— DATASET EXCERPT —
^^^^^^^^^^^^^^^^
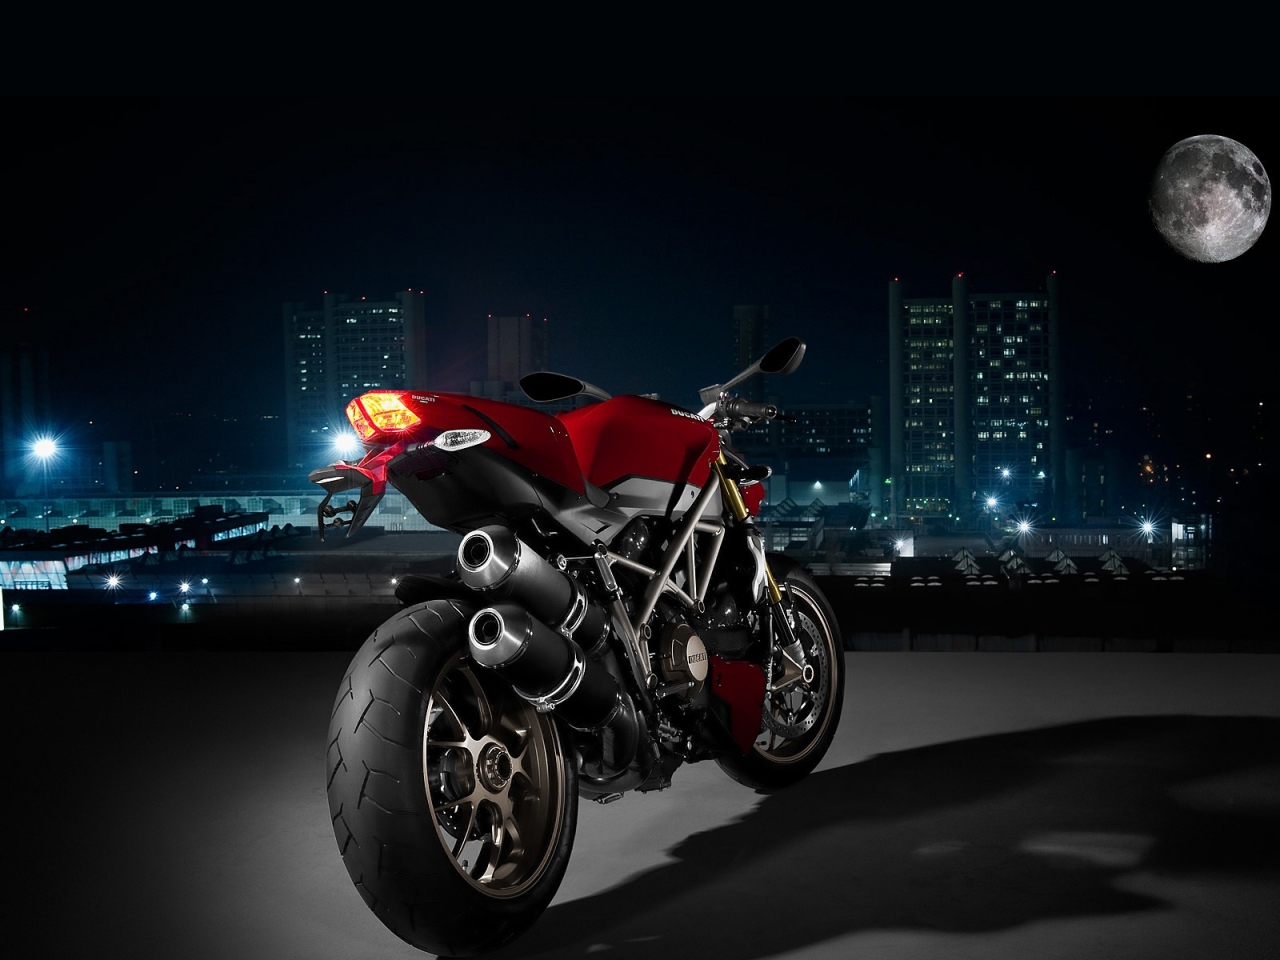 Ducati Super Sport Rear Angle for 1280 x 960 resolution
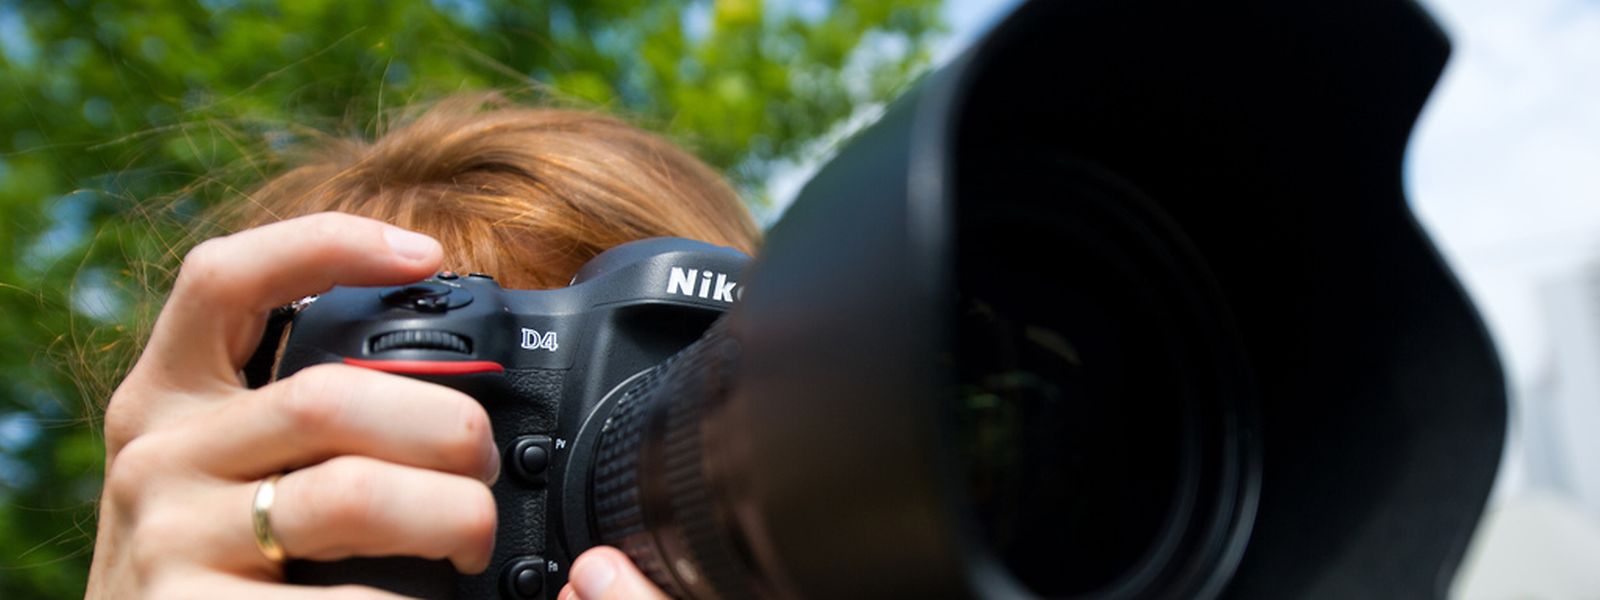 Bei Profis und ambitionierten Fotografen sind Spiegelreflexkameras beliebt - ihr Gewicht weniger.
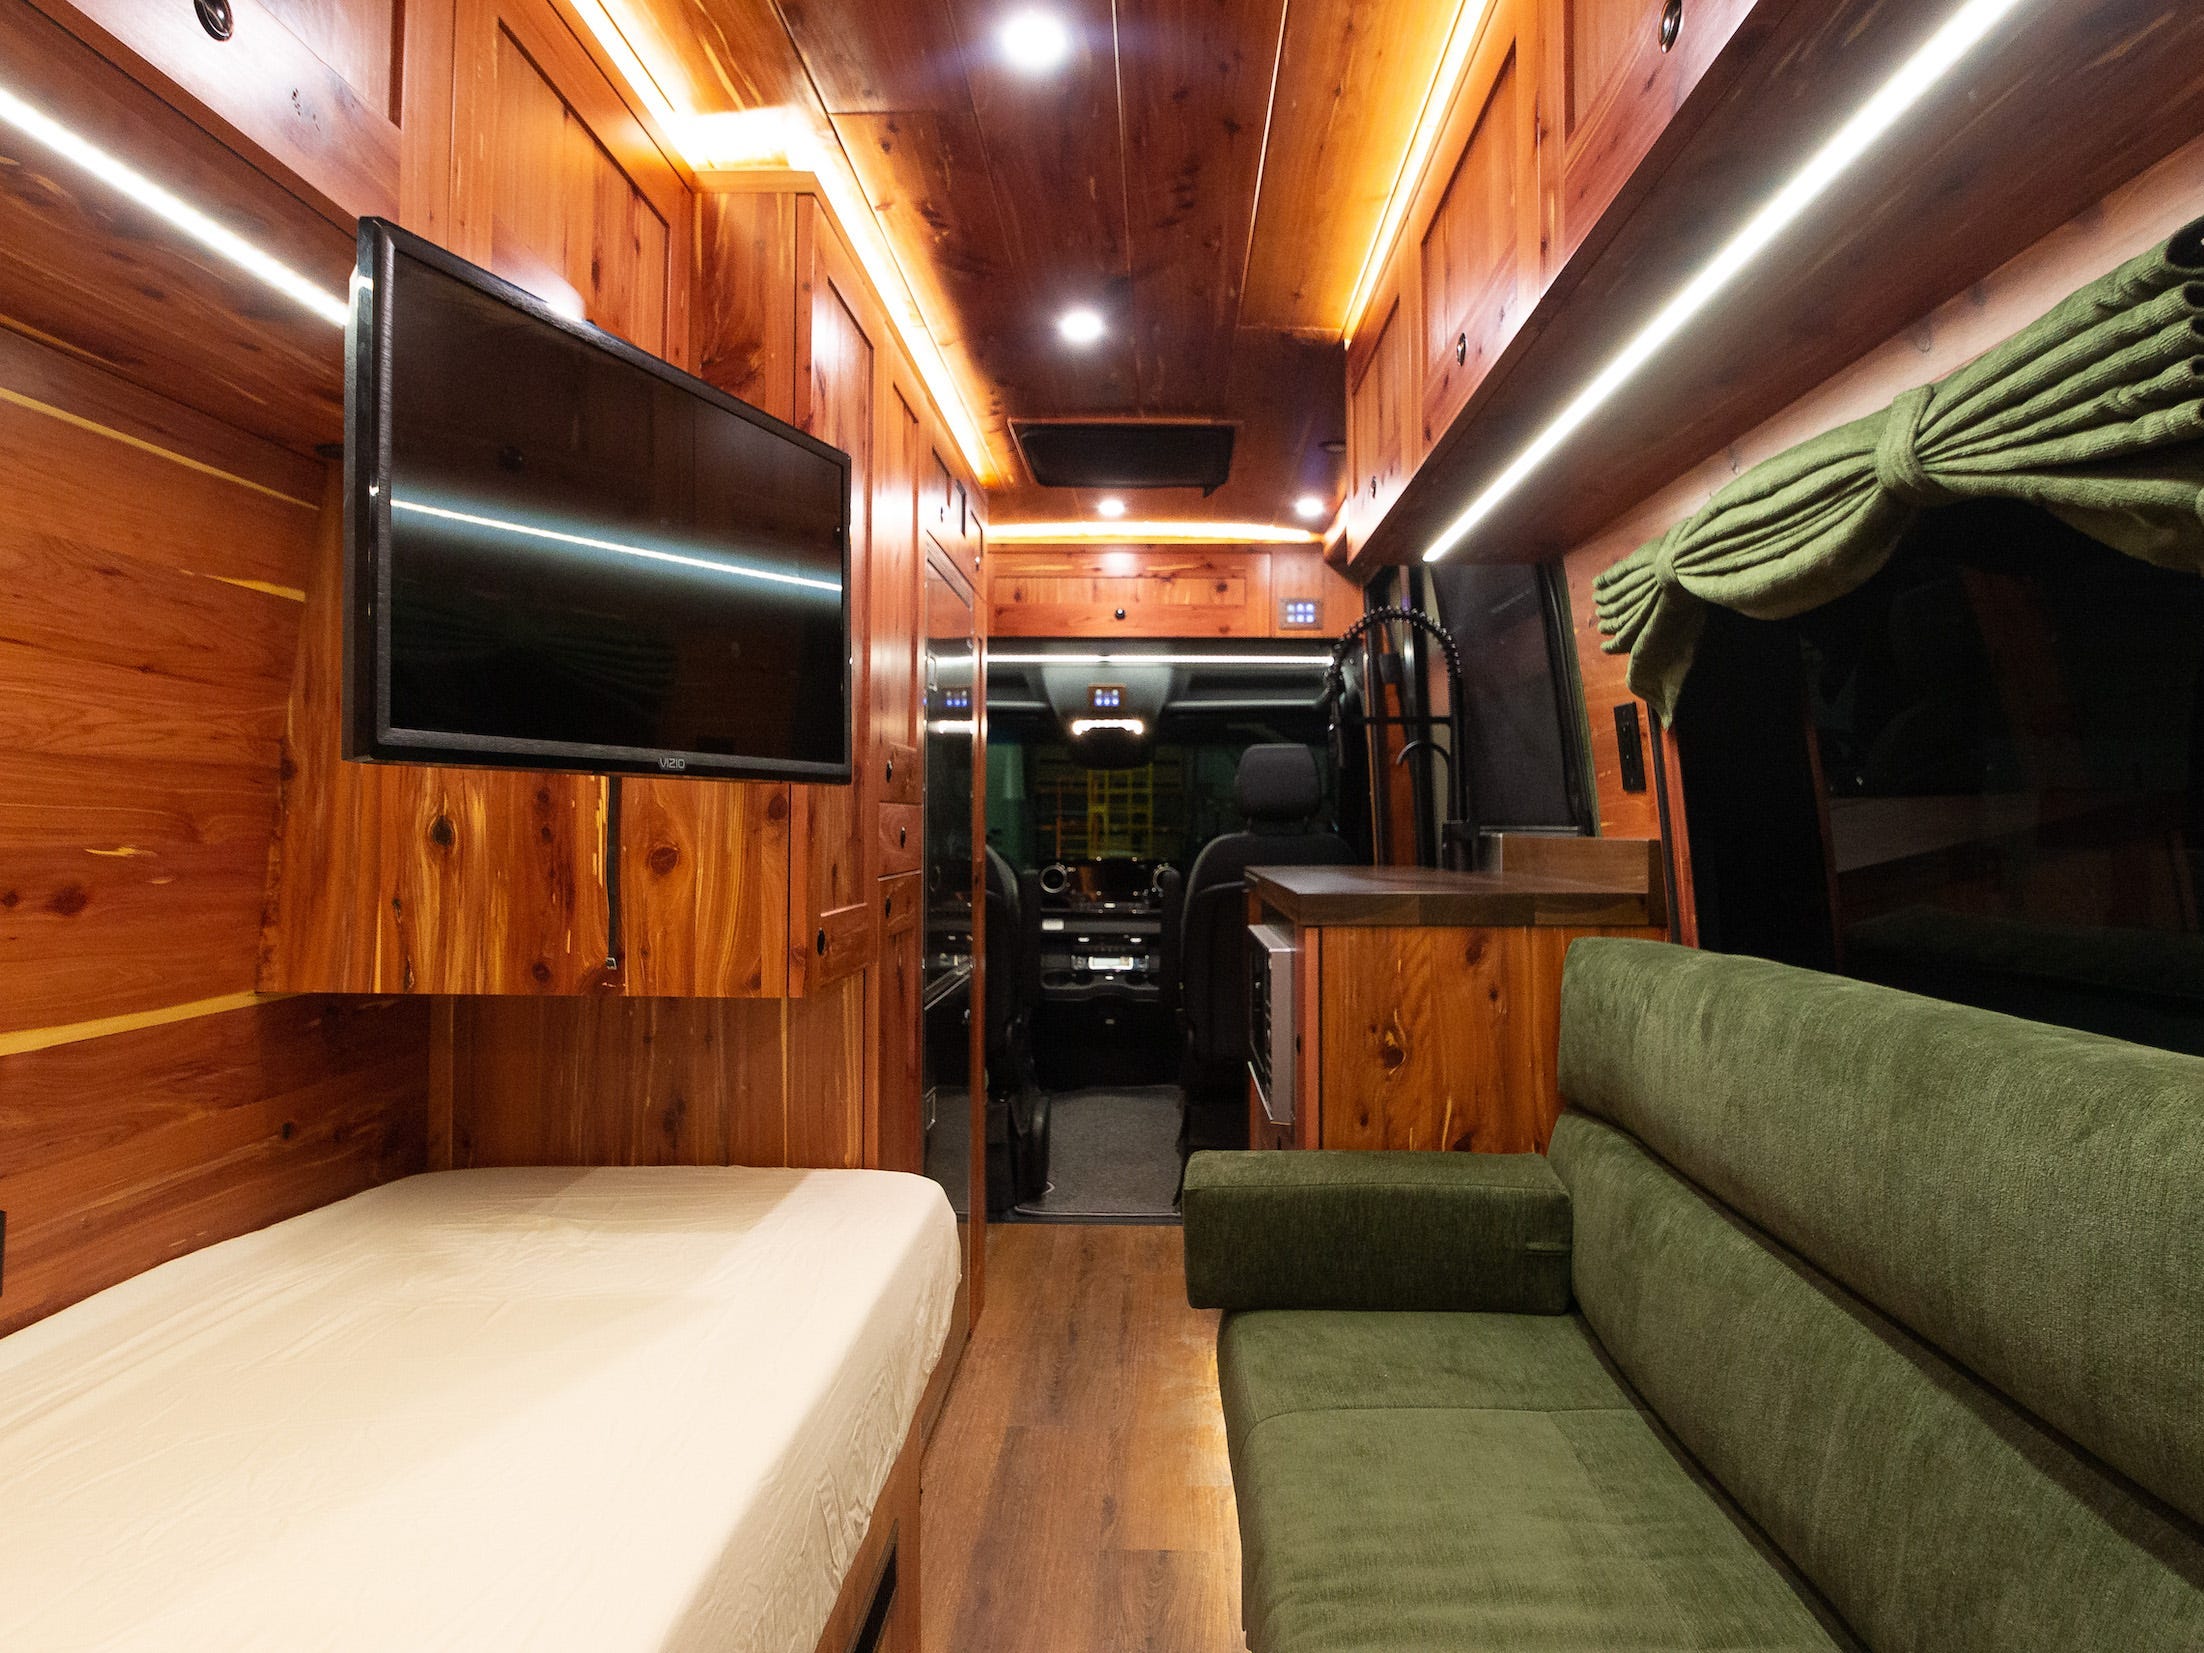 Links ein Bett, rechts eine grüne Couch.  Es gibt einen Fernseher, der von der Decke hängt, und einen Blick durch die Vorderseite des Vans.
^^^^^^^^^^^^^^^^
— TASK GOAL —
When a picture appears in the material, please pass over it while retyping the rest exactly.

— RESPONSE BOX —
 Ducati Super Sport Rear Angle for 1280 x 960 resolution
 Bei Profis und ambitionierten Fotografen sind Spiegelreflexkameras beliebt - ihr Gewicht weniger.
 Links ein Bett, rechts eine grüne Couch.  Es gibt einen Fernseher, der von der Decke hängt, und einen Blick durch die Vorderseite des Vans.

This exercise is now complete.